Plusieurs heures s’écoulèrent ainsi. Tout à coup un froissement assez fort se fit entendre dans les broussailles, à quelque distance derrière l’inconnu.

— Ah ! ah ! fit-il, je crois que voilà enfin mon homme.

Cependant le bruit devenait de plus en plus fort et se rapprochait rapidement.

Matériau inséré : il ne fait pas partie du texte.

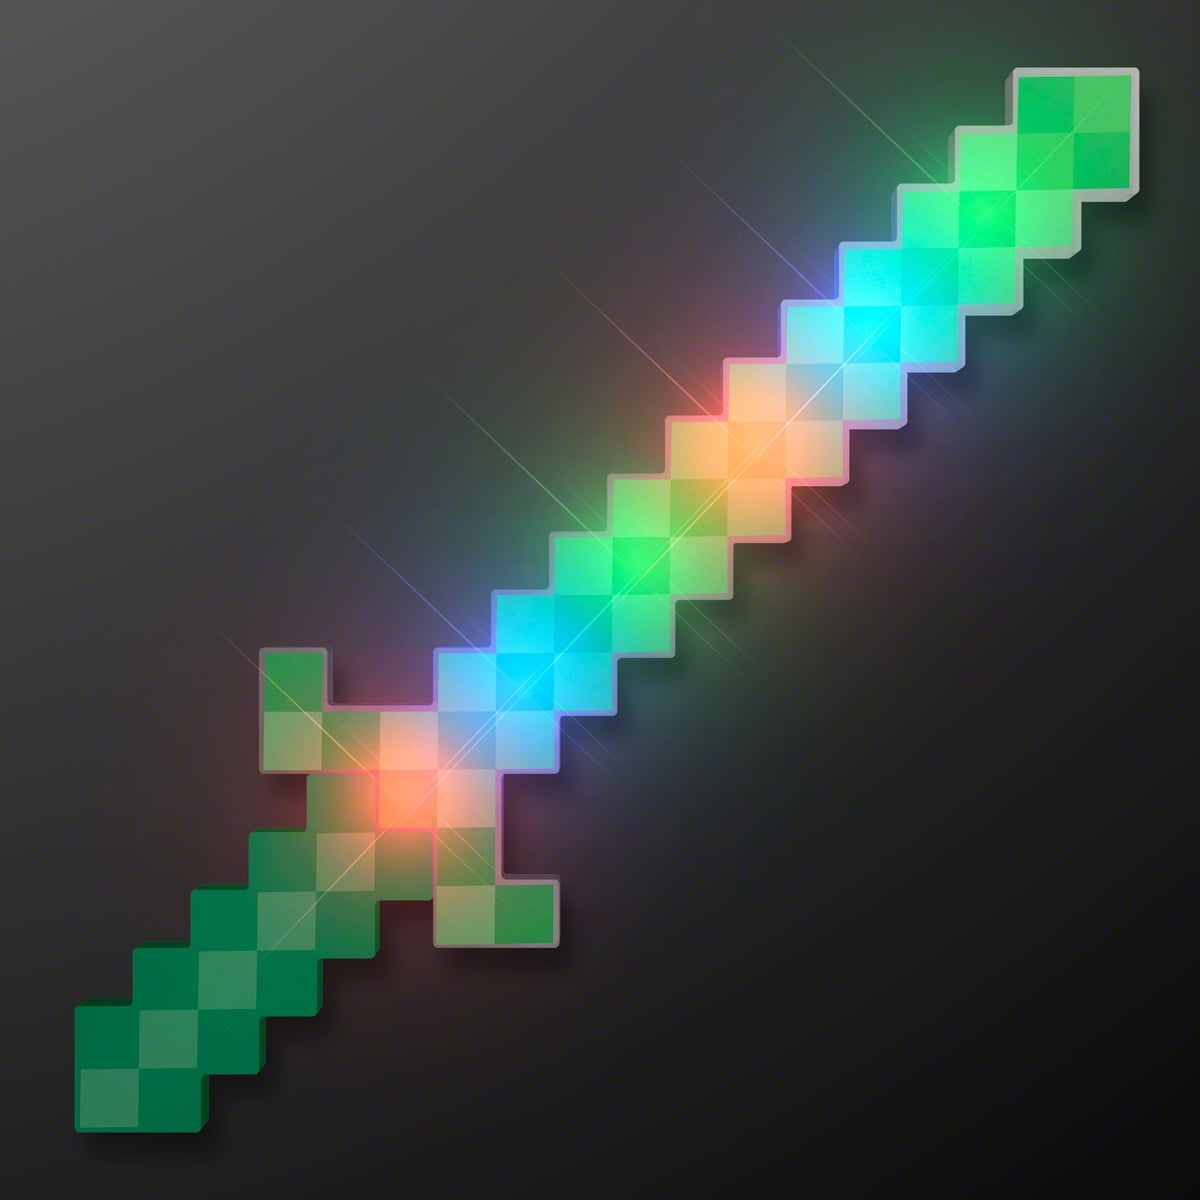 Pack of 18 Colorful Flashing Diamond Pixel Swords w/ Sound Wholesale Lot 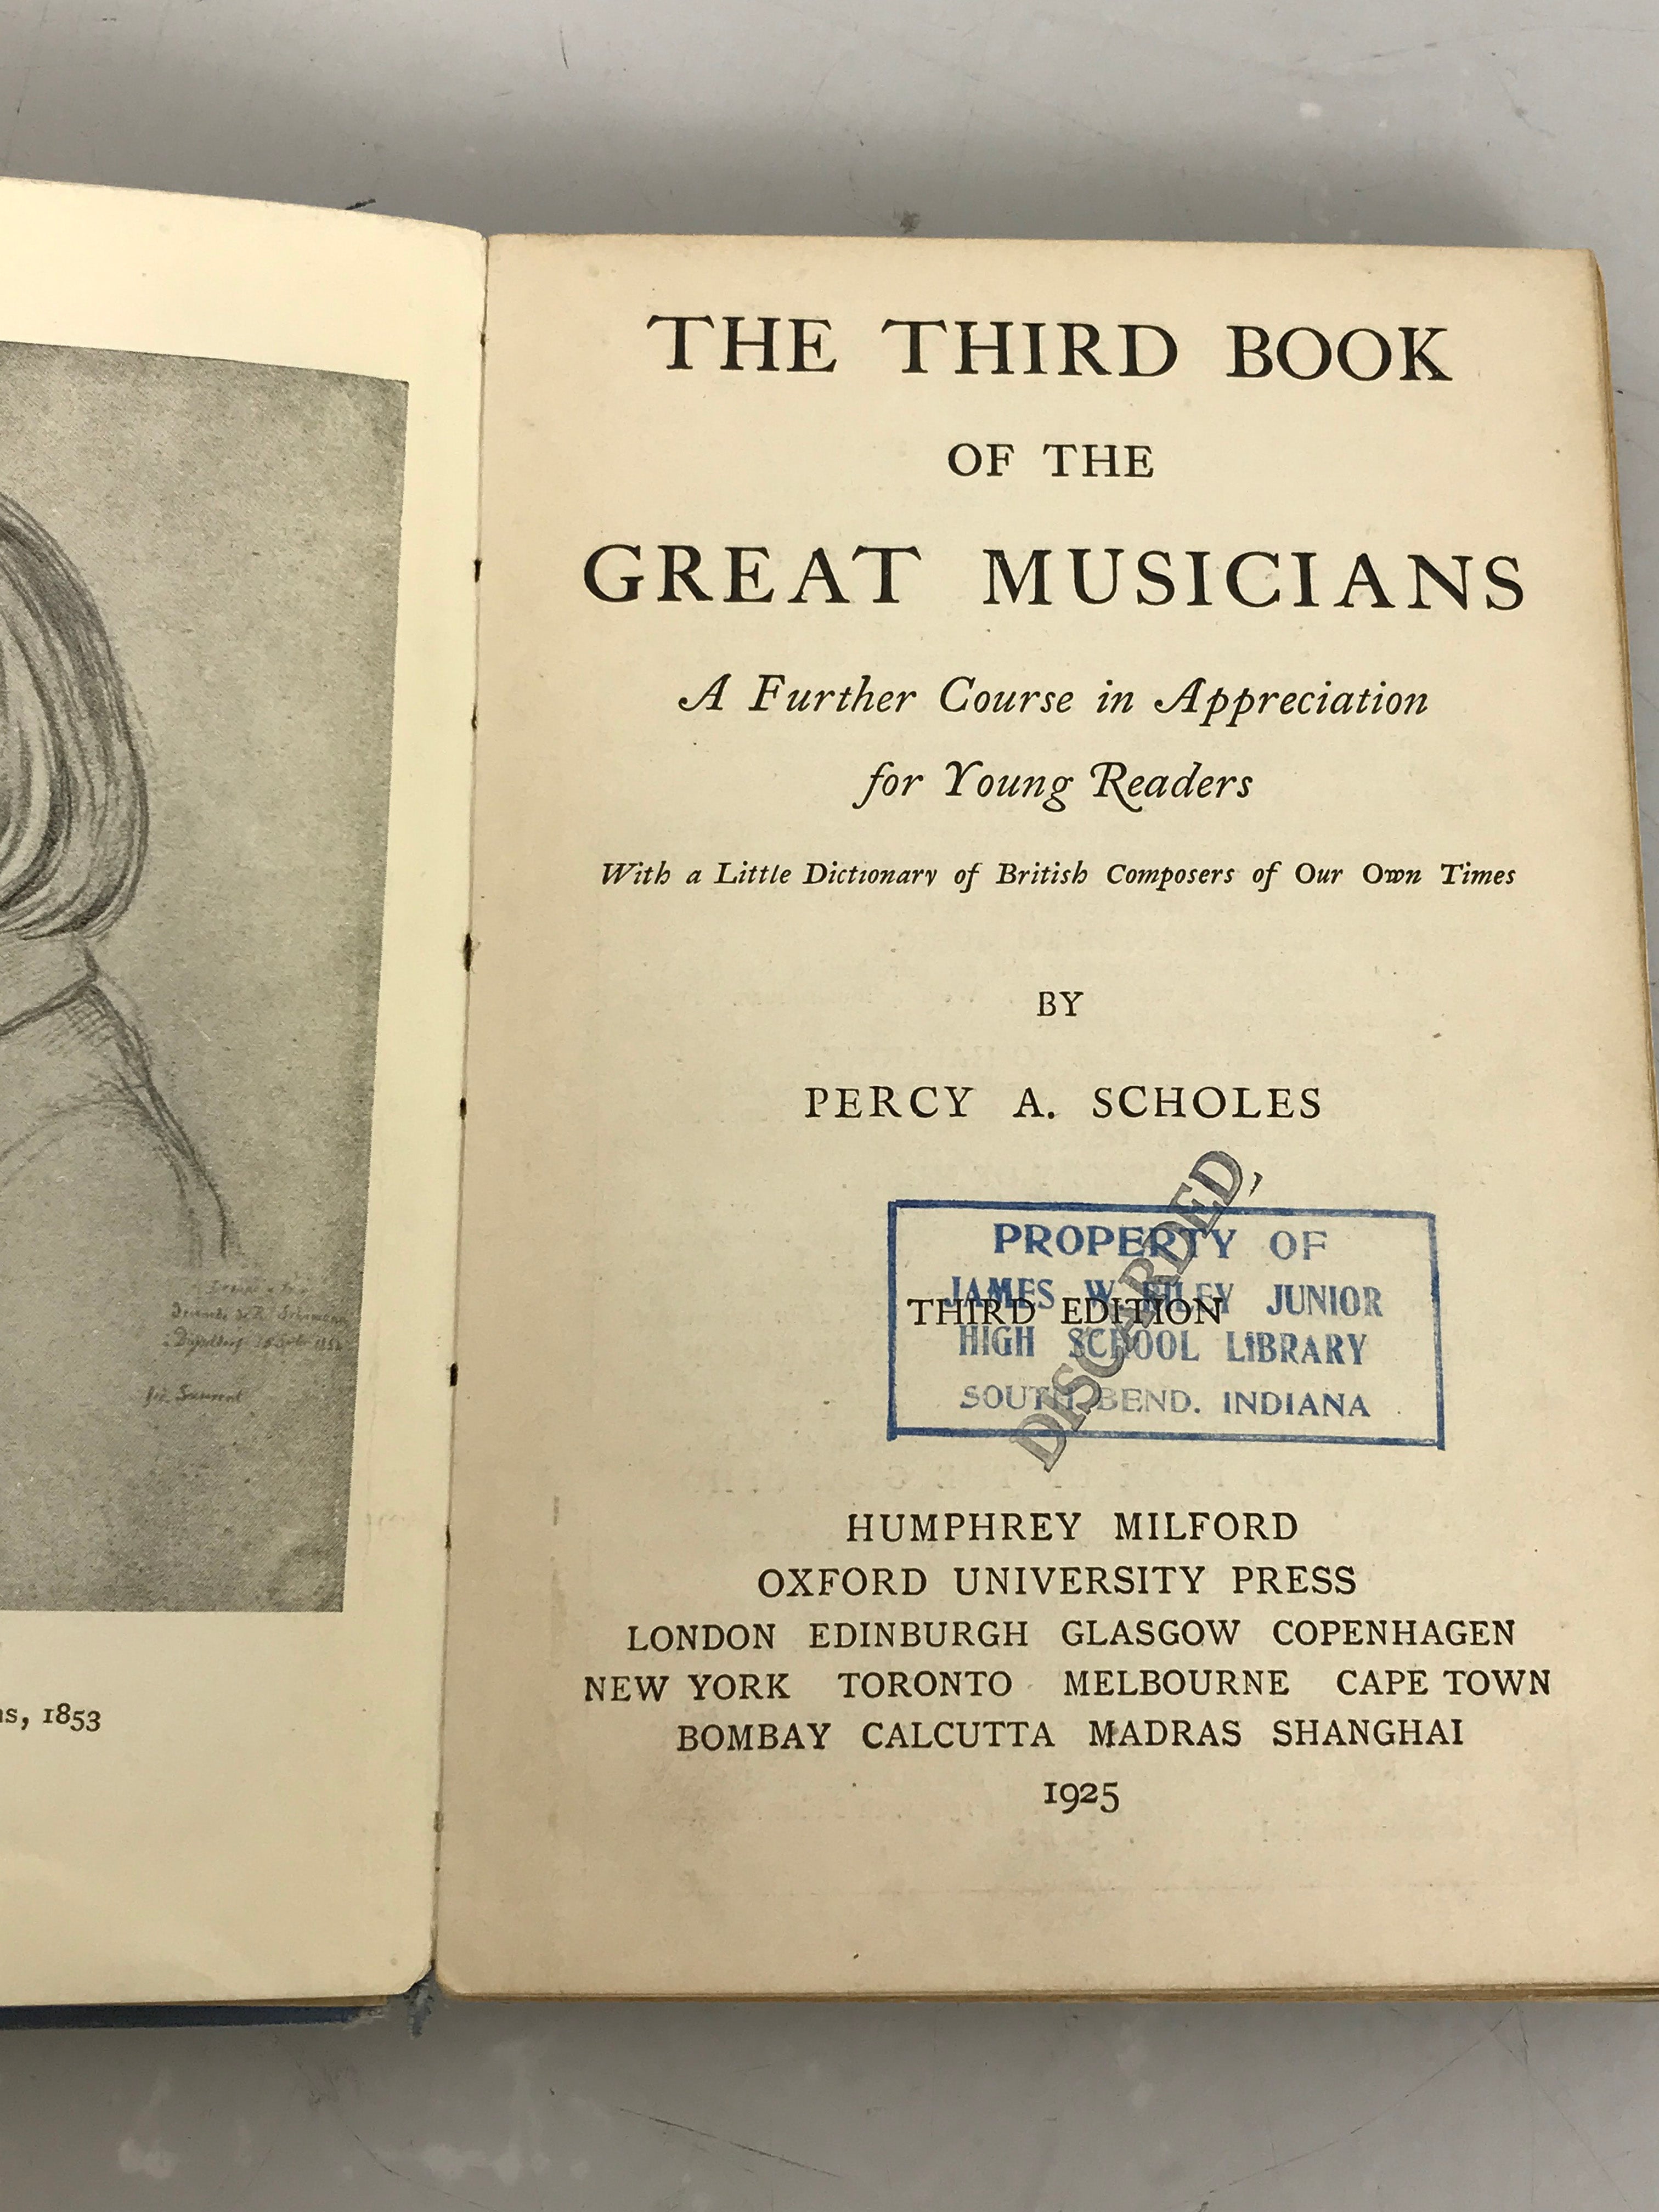 The Third Book of the Great Musicians Percy Scholes 1925 HC

— Arrivez donc ! que diable, s’écria le cavalier en se redressant, voilà assez longtemps que vous me faites attendre, par Notre-Dame del Pilar !

Rien n’apparaissait, la clairière était toujours solitaire, bien que le bruit eût acquis une certaine intensité.

L’inconnu, surpris du mutisme obstiné de celui auquel il s’adressait et surtout de sa persistance à ne pas se montrer, se leva afin de savoir à quoi s’en tenir.

En ce moment son cheval pointa les oreilles, renâcla avec force et fit un brusque mouvement pour se dégager du lasso qui le retenait.

Notre homme s’élança vivement vers lui et le flatta de la main et de la voix.

Le cheval tremblait de tous ses membres, et faisait des bonds prodigieux pour s’échapper. L’inconnu, de plus en plus surpris de ces mouvements extraordinaires, se retourna.

Tout lui fut alors expliqué.

À vingt pas de lui au plus, accroupi sur la maîtresse branche d’un énorme cyprès, un magnifique jaguar à la robe splendidement mouchetée fixait sur lui deux yeux ardents en passant sur ses mâchoires avec une volupté féline sa langue rugueuse, rouge comme du sang.